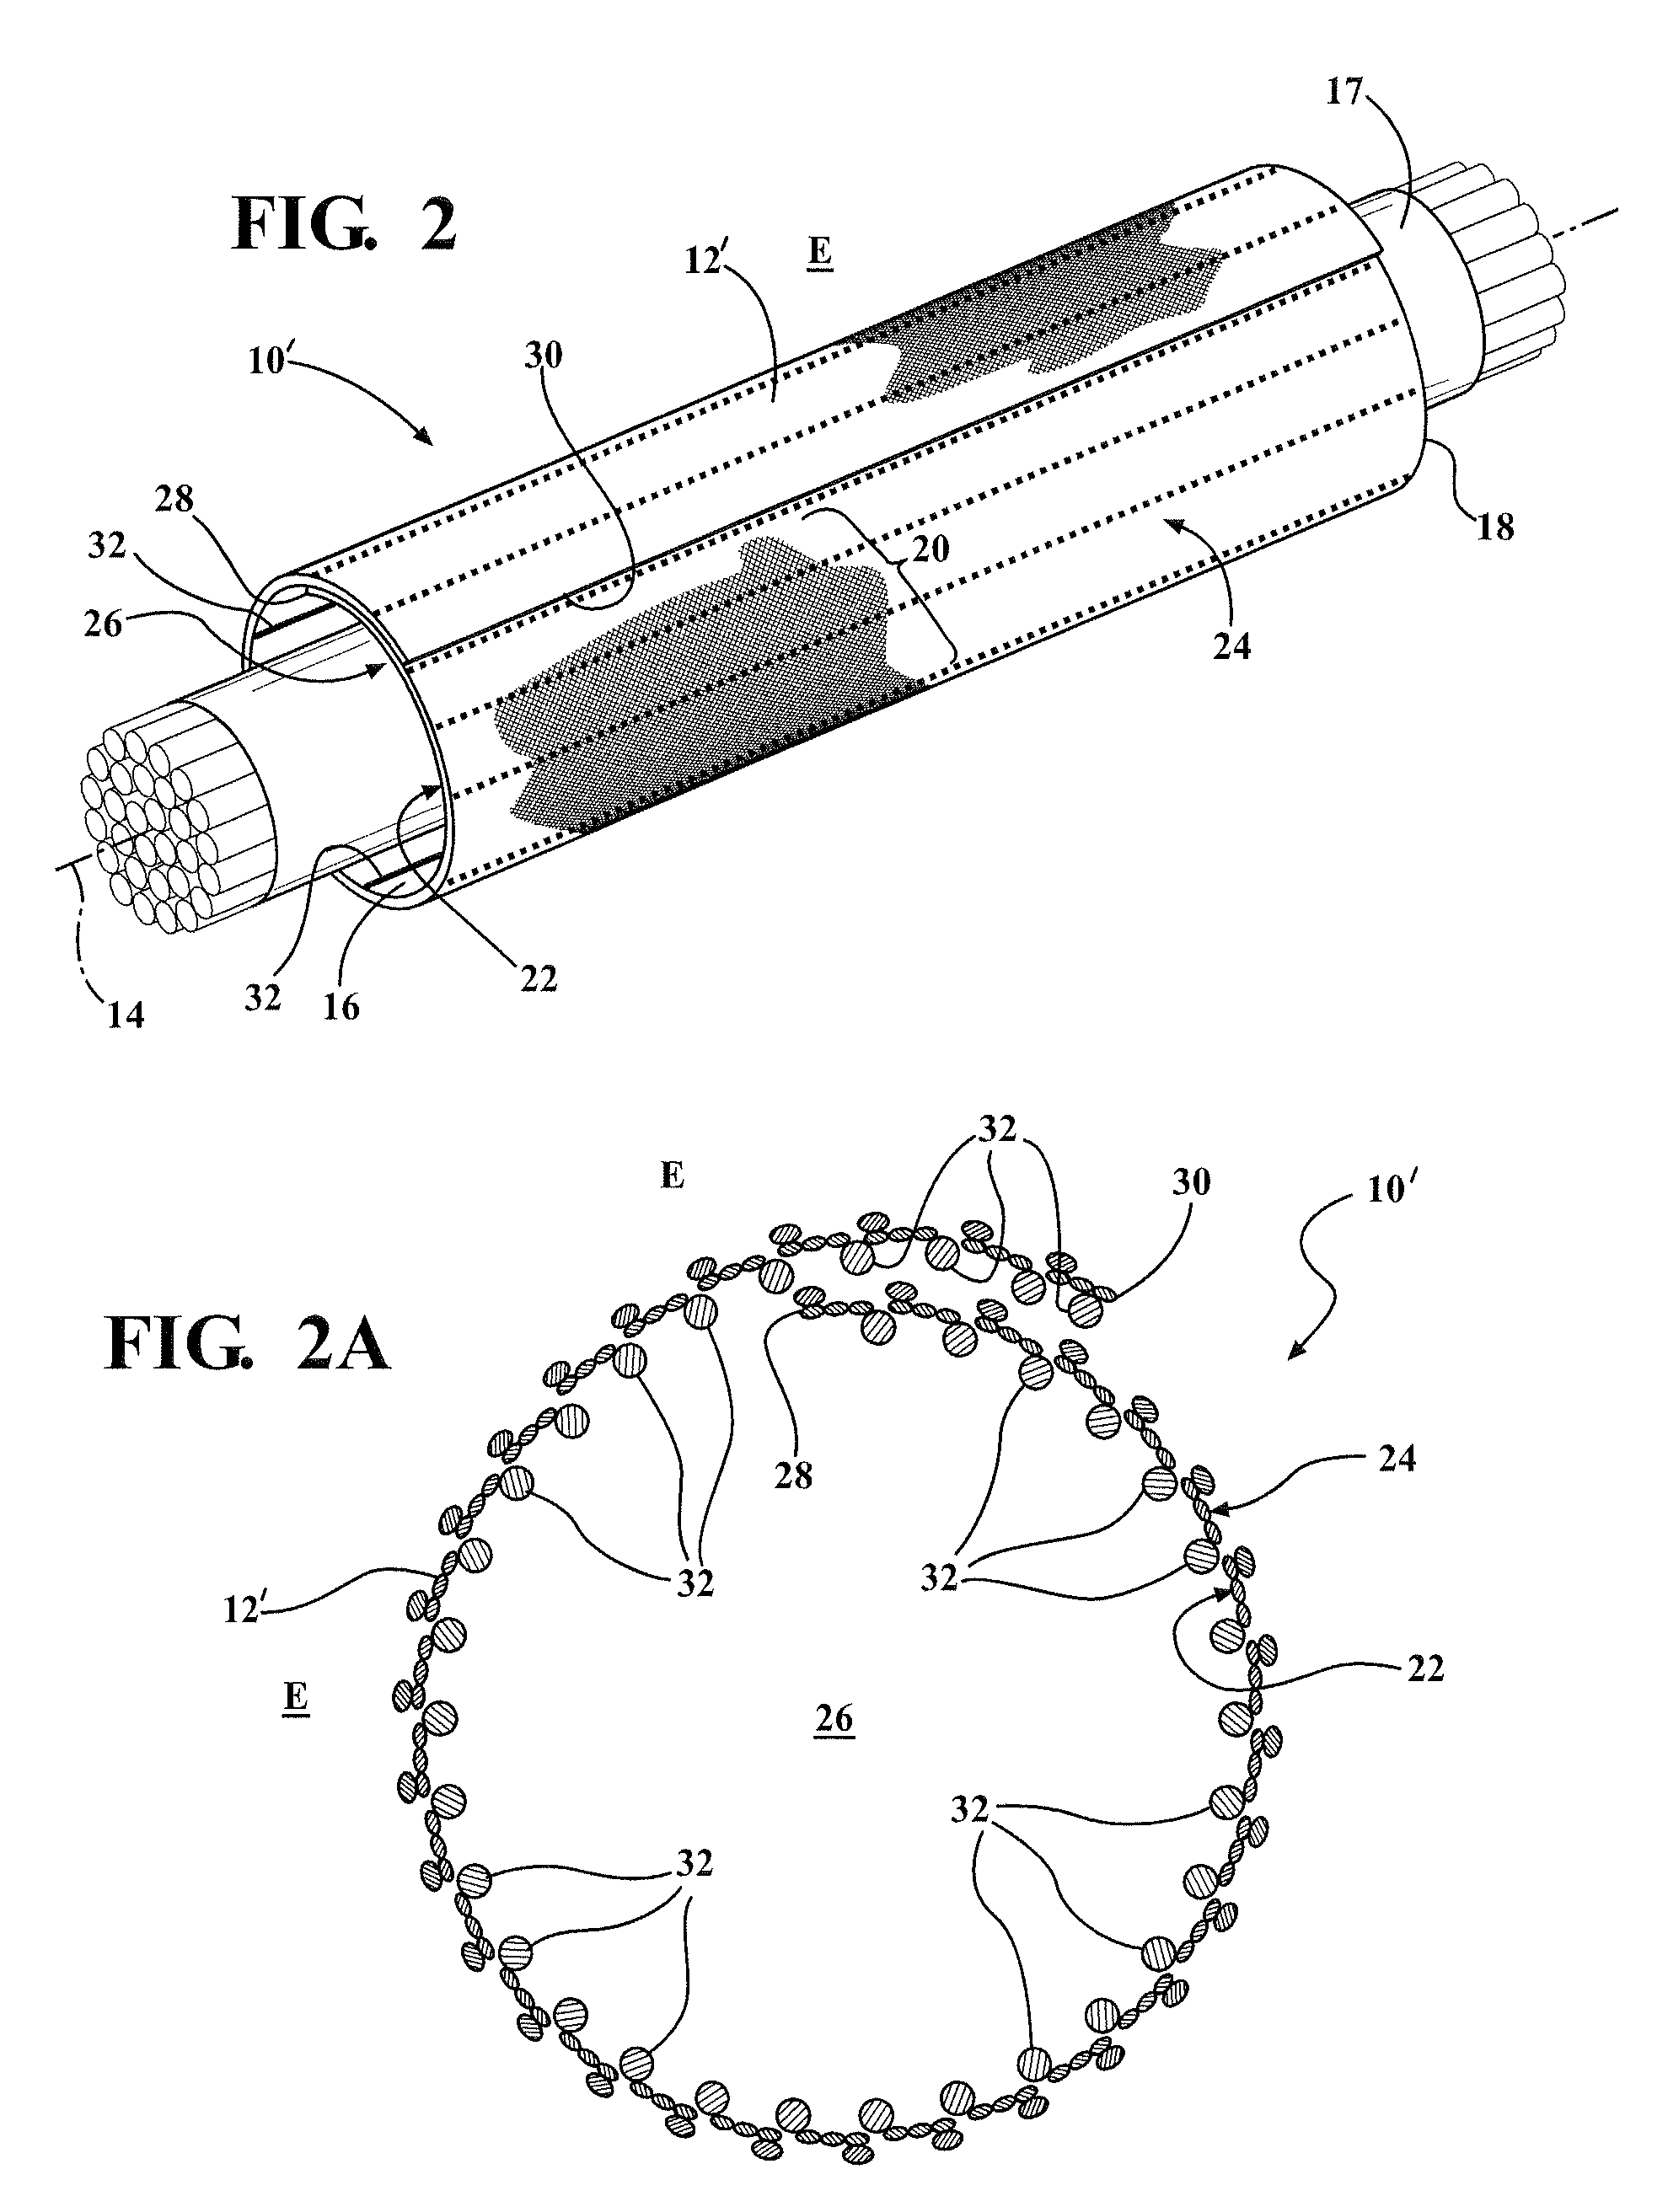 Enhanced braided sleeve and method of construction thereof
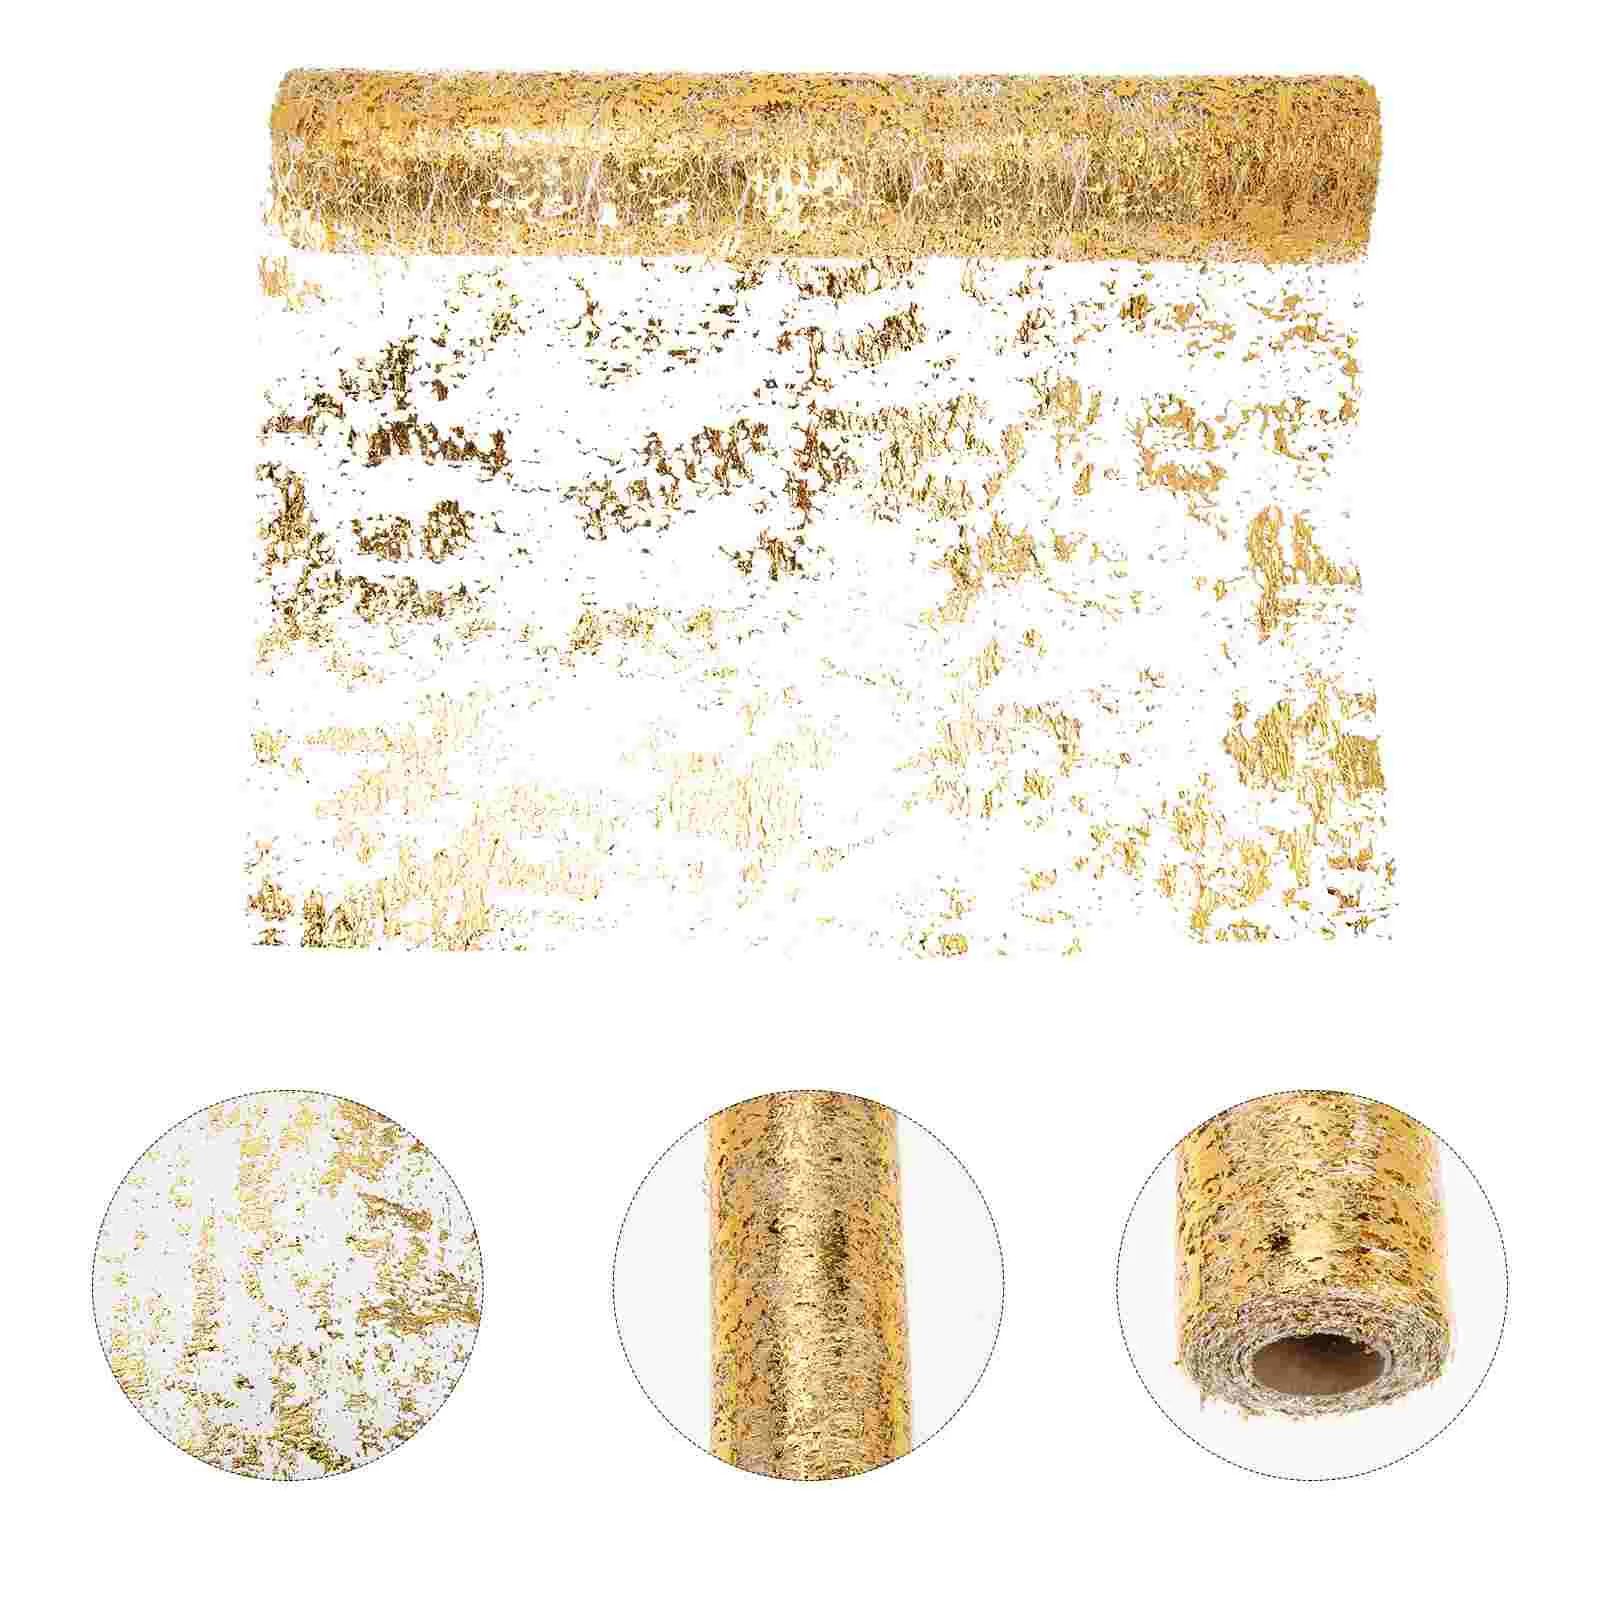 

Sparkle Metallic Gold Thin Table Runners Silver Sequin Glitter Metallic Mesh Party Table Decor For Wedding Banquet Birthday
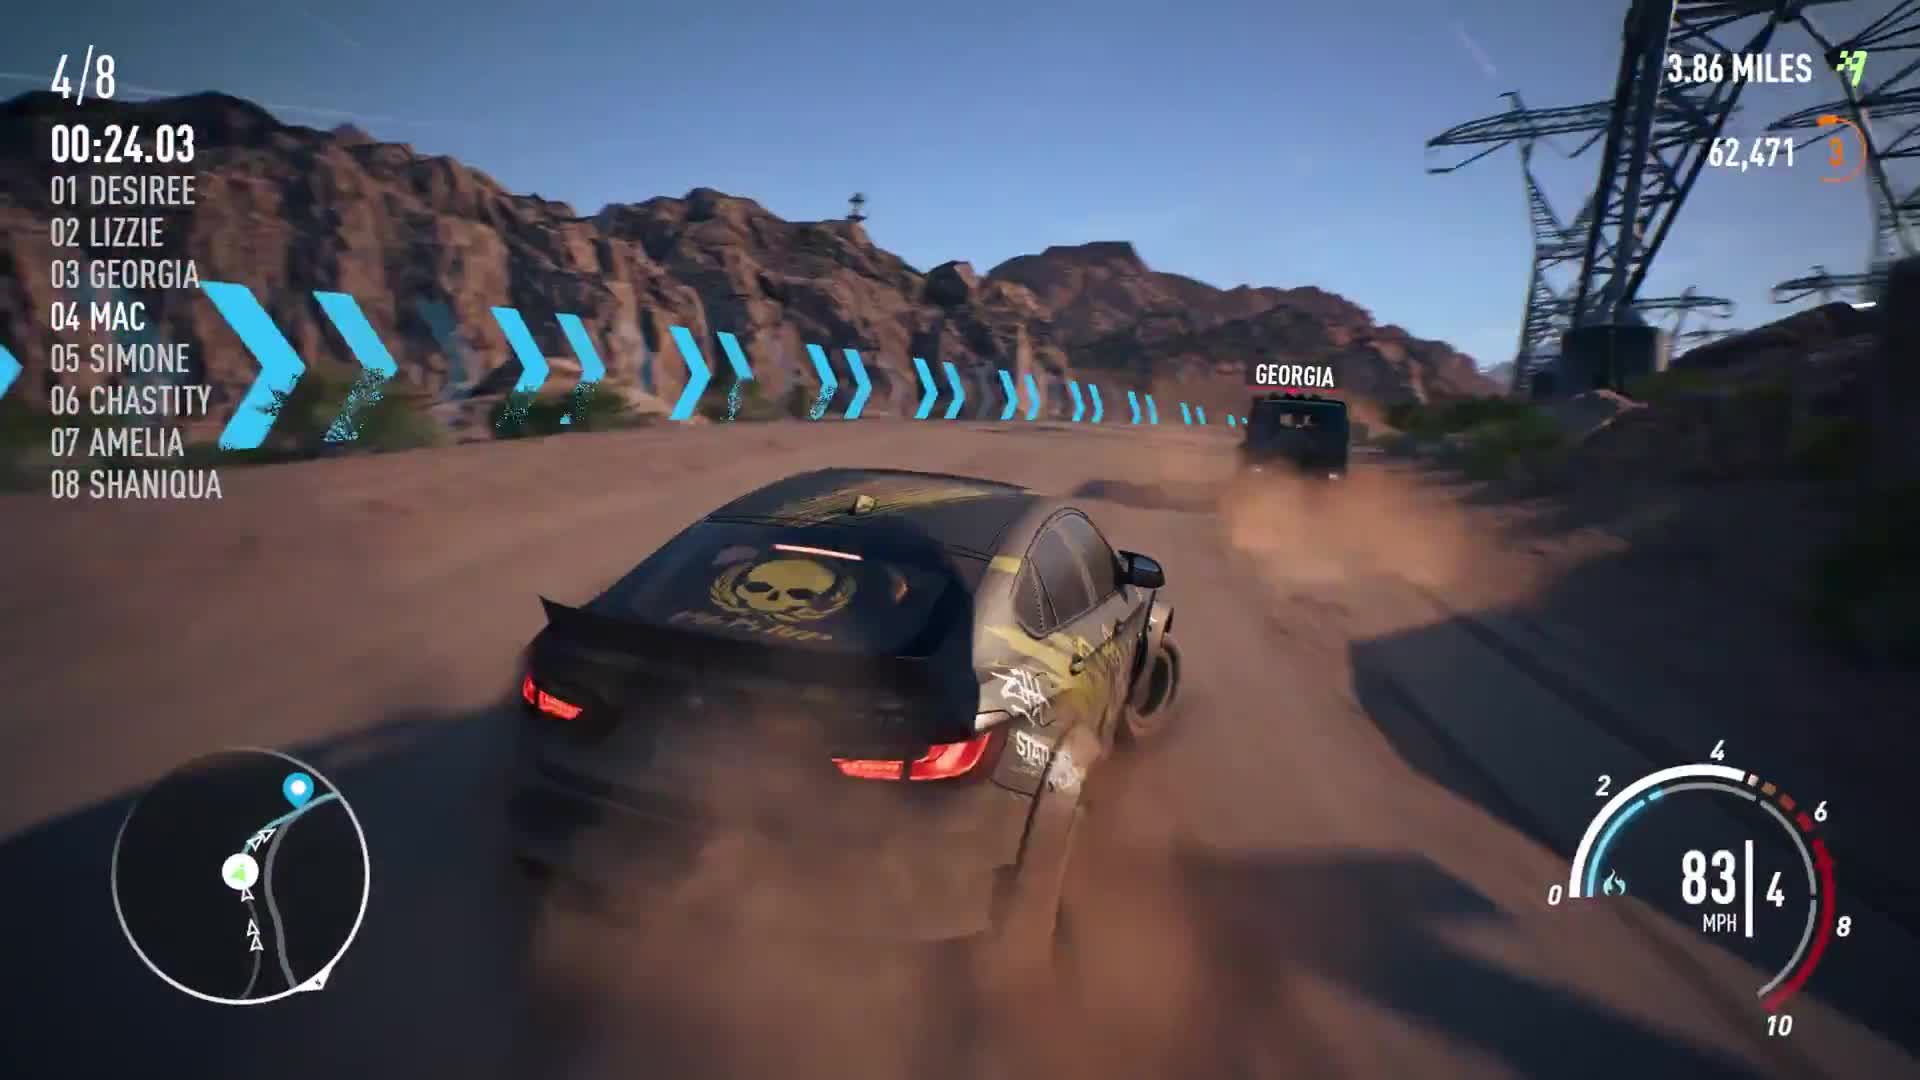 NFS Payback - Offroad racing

○ ○ ○ ○ ○

**What is expected**
Please set down every line of the listing verbatim, excluding its pictures.

**Task output**
 Enhanced braided sleeve and method of construction thereof

Sparkle Metallic Gold Thin Table Runners Silver Sequin Glitter Metallic Mesh Party Table Decor For Wedding Banquet Birthday
 NFS Payback - Offroad racing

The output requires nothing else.